Real-time BI is crucial to survive in this competitive world. It is important to understand the new challenges that must be addressed and develop a solution that will handle the requirements and technology hurdles at hand.
Real-Time Business Intelligence
The major goal of real-time BI is reducing the time taken for corrective action or initiative. Real-time BI is designed to control data latency, analysis latency and action latency. Companies must understand that ROI will also depend heavily on the ability of an organization to modify its business practices to take advantage of improved responsiveness in the IT system.
A real-time BI system has two main components: real-time data integration and real-time decision-making. The objective of the real-time data integration component is to capture business events from operational systems and integrate them into a low-latency store. This component supports real-time, data-on-demand processing. The real-time decision-making component, on the other hand, supports real-time performance management and real-time predictive analysis. Figure 1 gives an overview of real-time BI architecture.
Challenges of Real-Time BI
BI applications include the activities of decision support, query and reporting, online analytical processing, statistical analysis, forecasting and data mining. Each of these components needs to be designed to operate in a real-time environment, and there can be many challenges in designing such system. Some major challenges include:
Designing real-time ETL. Traditional ETL tools are batch oriented, wherein the data becomes available as some sort of extract file on a certain schedule, usually nightly, weekly or monthly. Then the system transforms and cleanses the data and loads it into the data warehouse. ETL tools tend to update systems with complete files, not compact amounts of change data. However, for real-time ETL, a continuous flow will be required throughout the day with minimum latency. Real-time operation requires the synchronization of data across multiple layers of an organization and many different sources. Connecting the large and diverse array of data sources to a real-time warehouse is highly complex.

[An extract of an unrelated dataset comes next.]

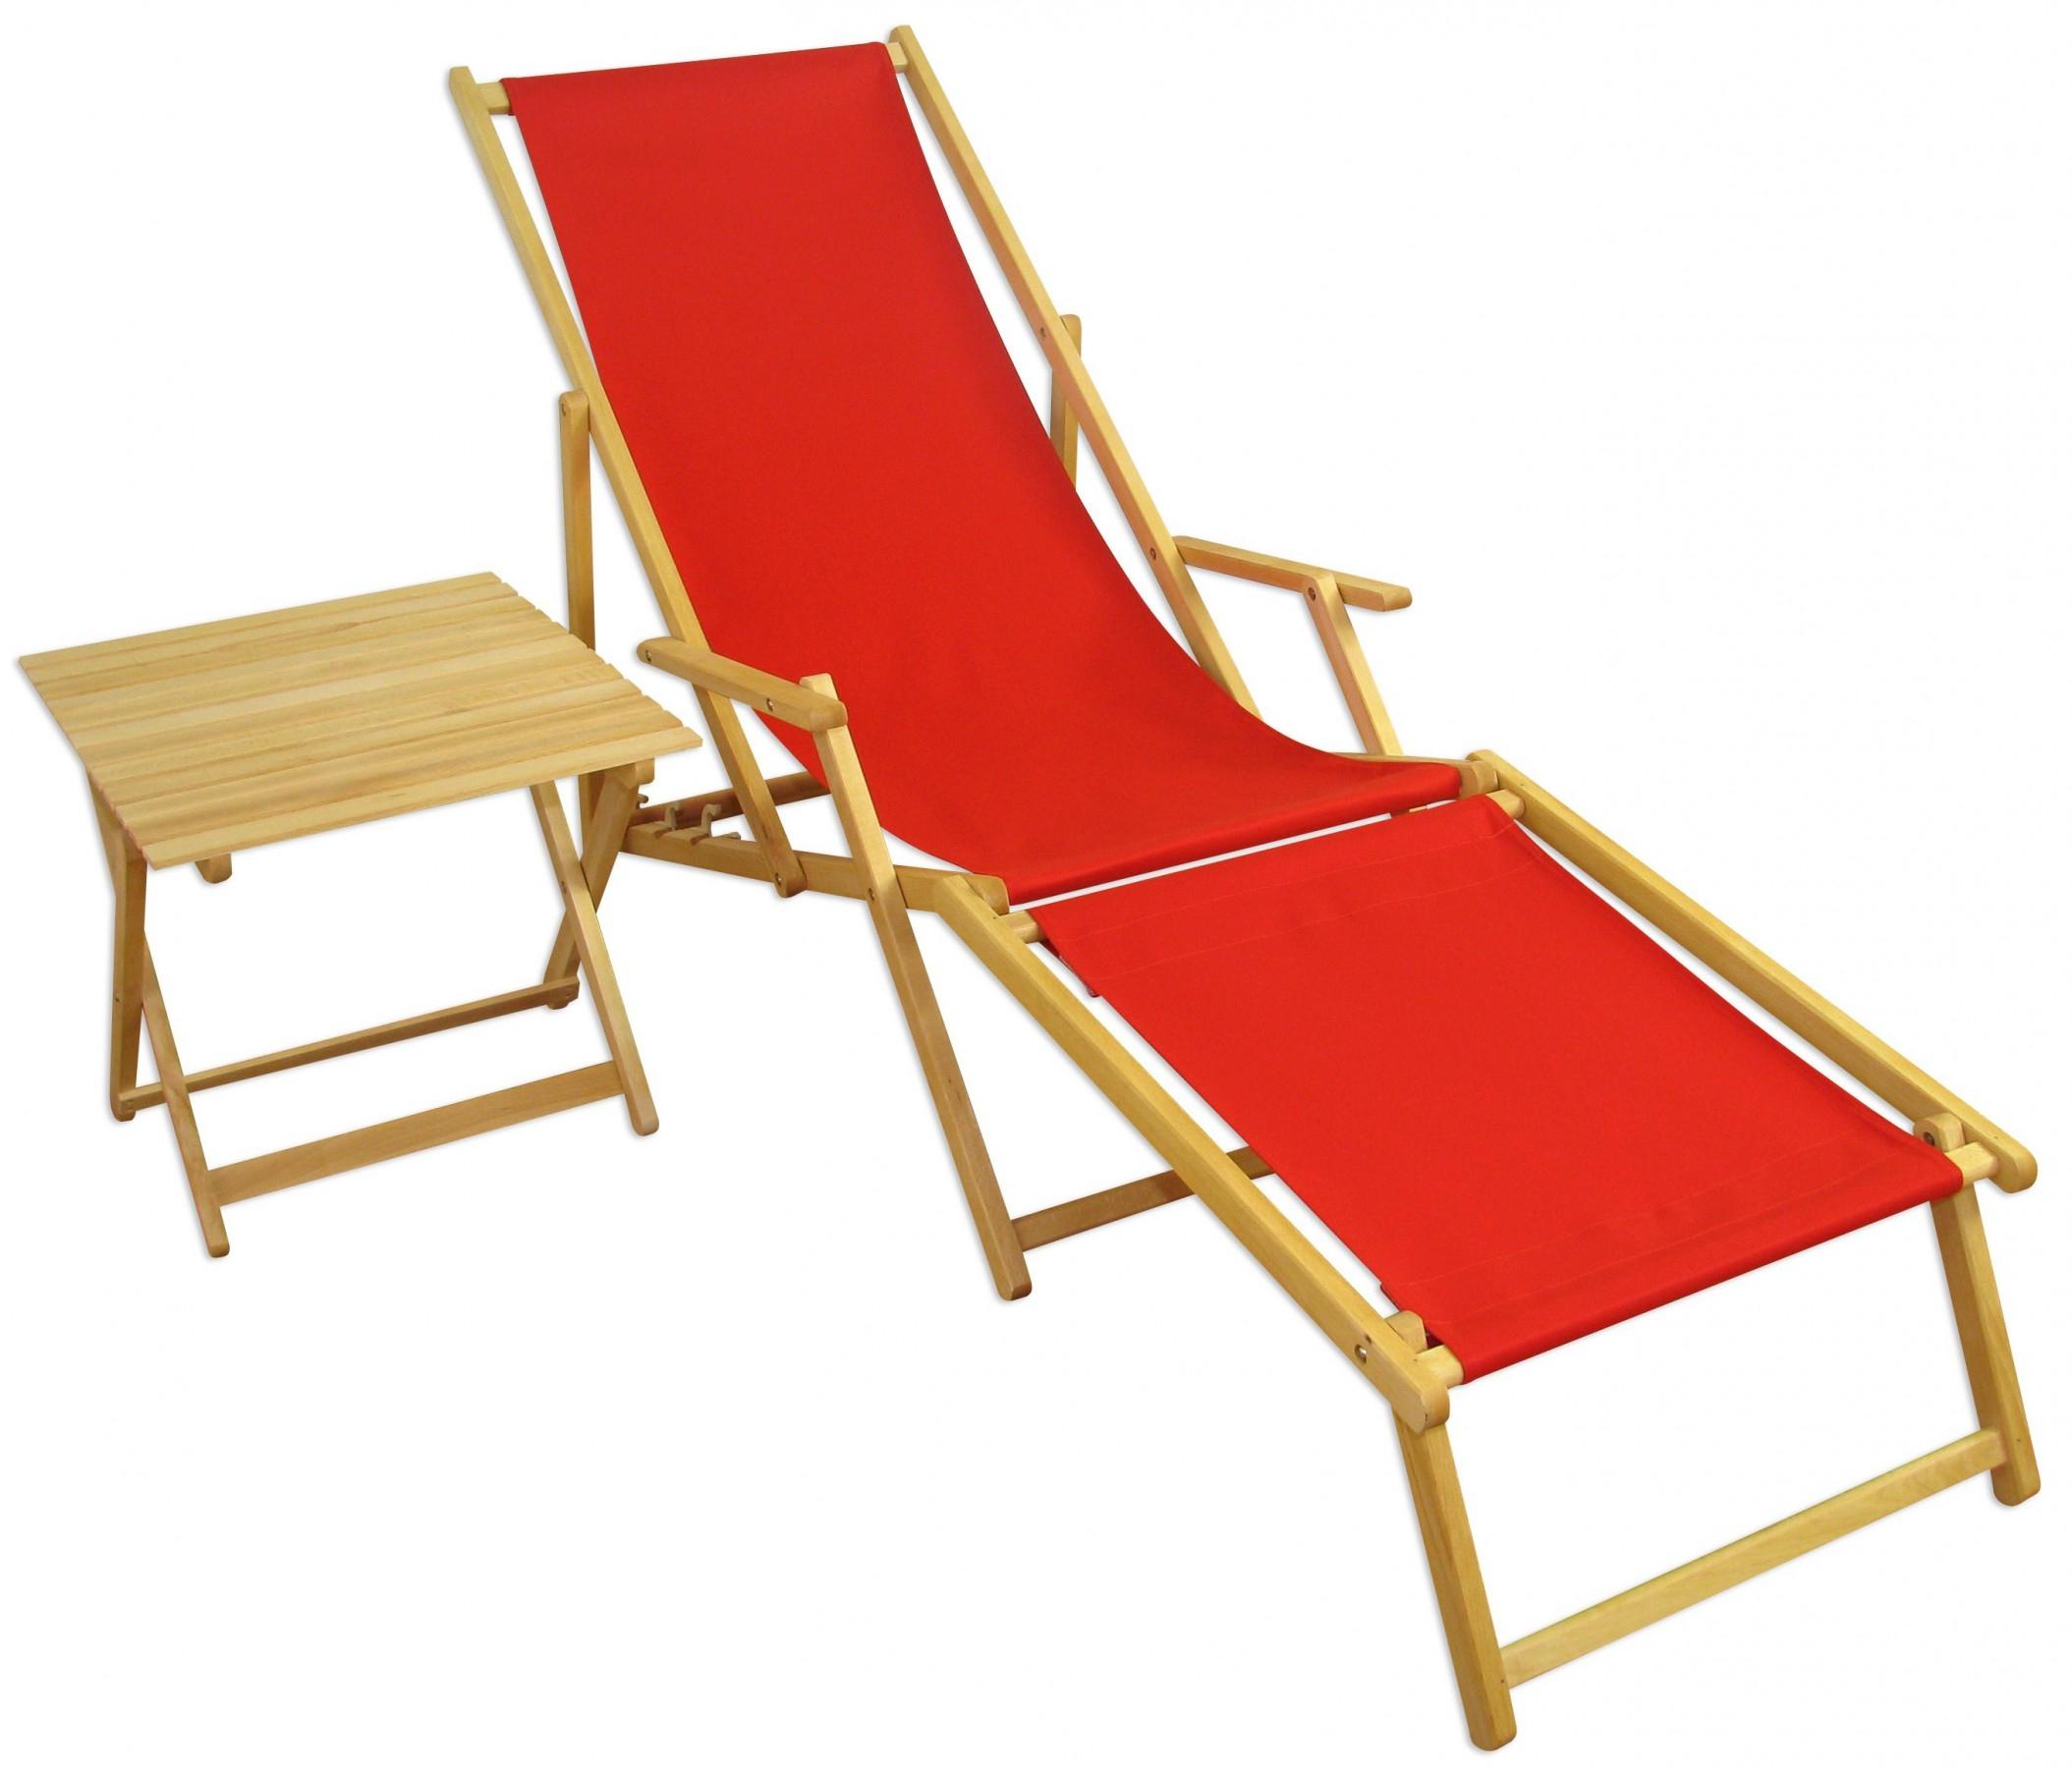 Full Size of Garten Liegestuhl Lidl Holz Klappbar Lafuma Alu Ikea Bauhaus Obi Küche Kosten Modulküche Sofa Mit Schlaffunktion Miniküche Betten Bei Kaufen 160x200 Wohnzimmer Ikea Liegestuhl

Data modeling for real time. From a data architecture perspective, real-time data warehousing challenges the posture of the data warehouse as a system of periodic measurements, advocating the requirement for a system of more comprehensive and continuous temporal information, i.e., a real-time database model that deals with the temporal nature of data.

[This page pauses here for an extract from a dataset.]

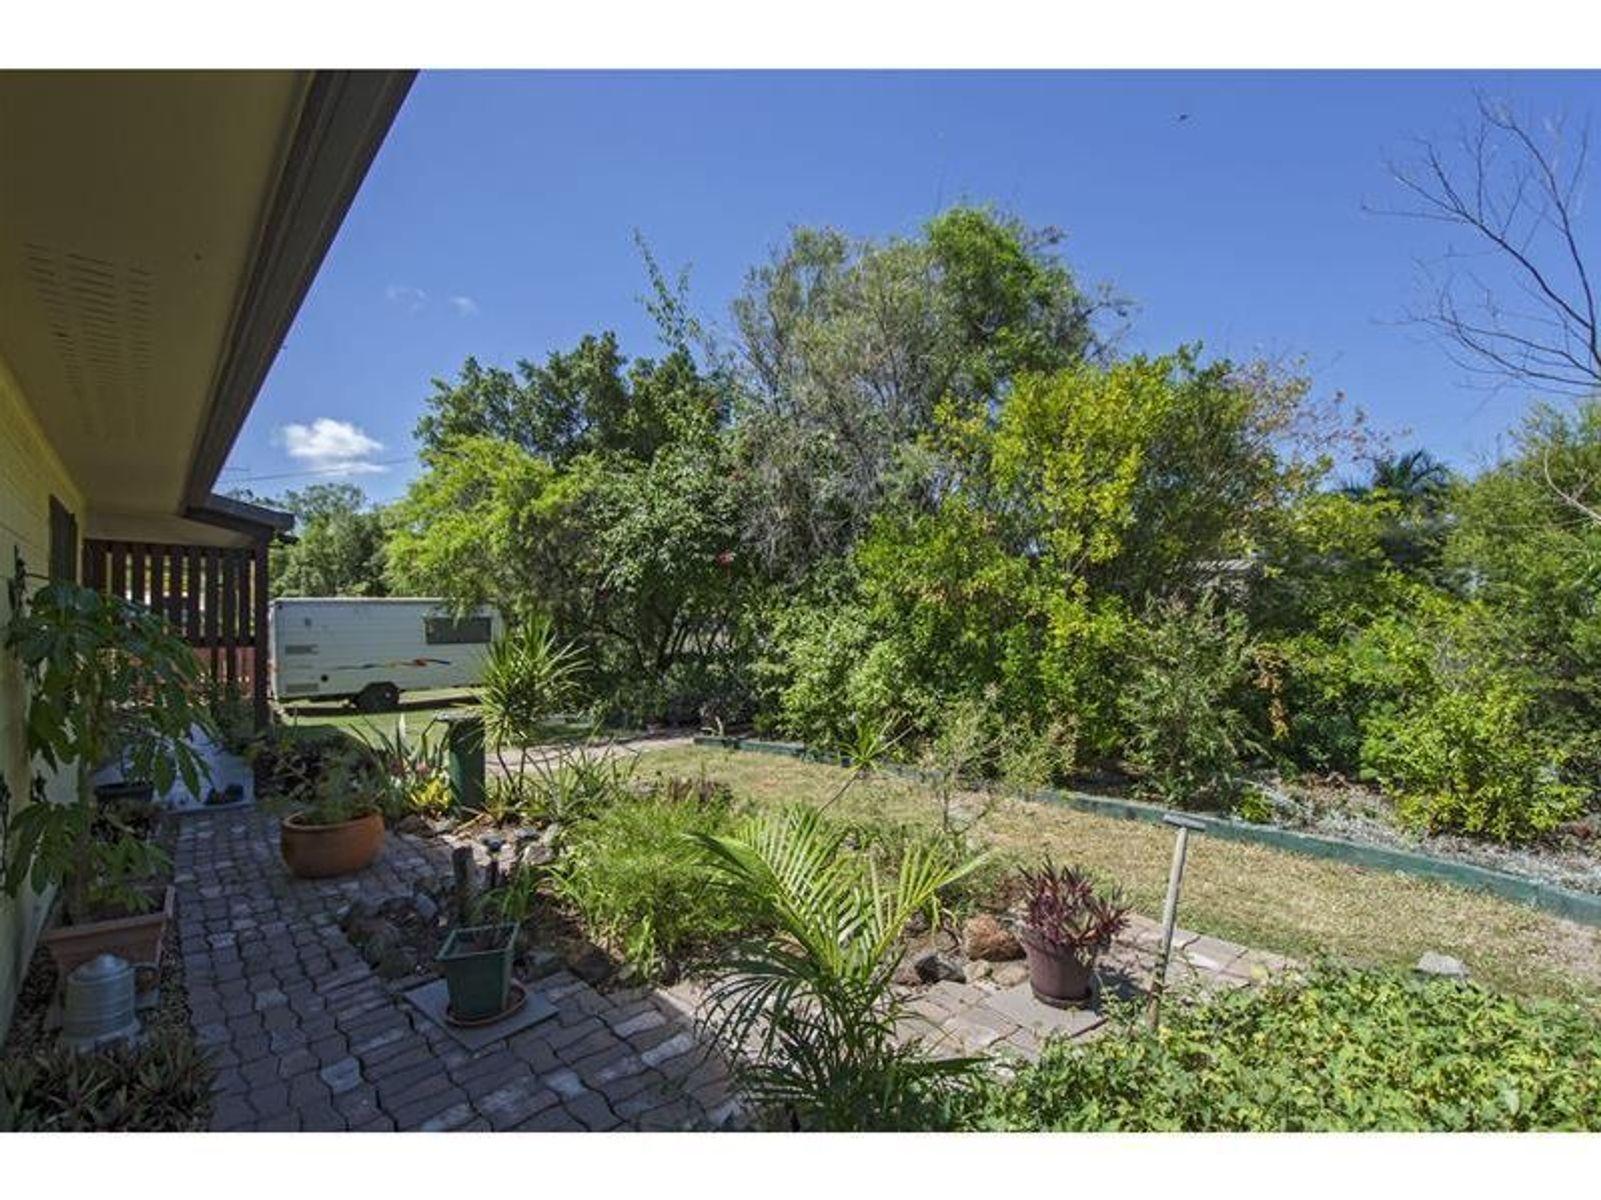 8 Kennedy Street, Avondale, QLD 4670

Search, OLAP, and query and reporting. Today's query and OLAP tools, not having been designed with real-time warehousing in mind, can produce unanticipated results.
Scalability. To support real-time processing, the system must have a scalable and flexible back-end database environment for loading and administering large amounts of data. The database must also be able to handle mixed workloads, since the tasks used to update low-latency stores will need to run in parallel with real-time decision-making applications. Real-time processing will involve real-time alert reporting through emails or messages. These alerts need to be designed to operate on real-time data feeds.
Suggested Solutions
An ideal real-time BI tool will be the one which can answer all the above challenges. Experts all around the world are studiously working to develop such a system and have come up with many approaches to design a real-time BI. Some approaches are briefed here.
Micro batch ETL. A data warehouse can only be considered real-time, or near real-time, when all or part of the data is updated, loaded or refreshed on an intra-day basis, without interrupting user access to the system. Convention ETL, file based approach is extremely effective in addressing daily, weekly and monthly batch reporting requirements. Micro batch ETL designed on log based, real-time change data capture technology can provide a nonintrusive means for real-time data acquisition from an operational data source. Figures 2 and 3 give a pictorial presentation of the system.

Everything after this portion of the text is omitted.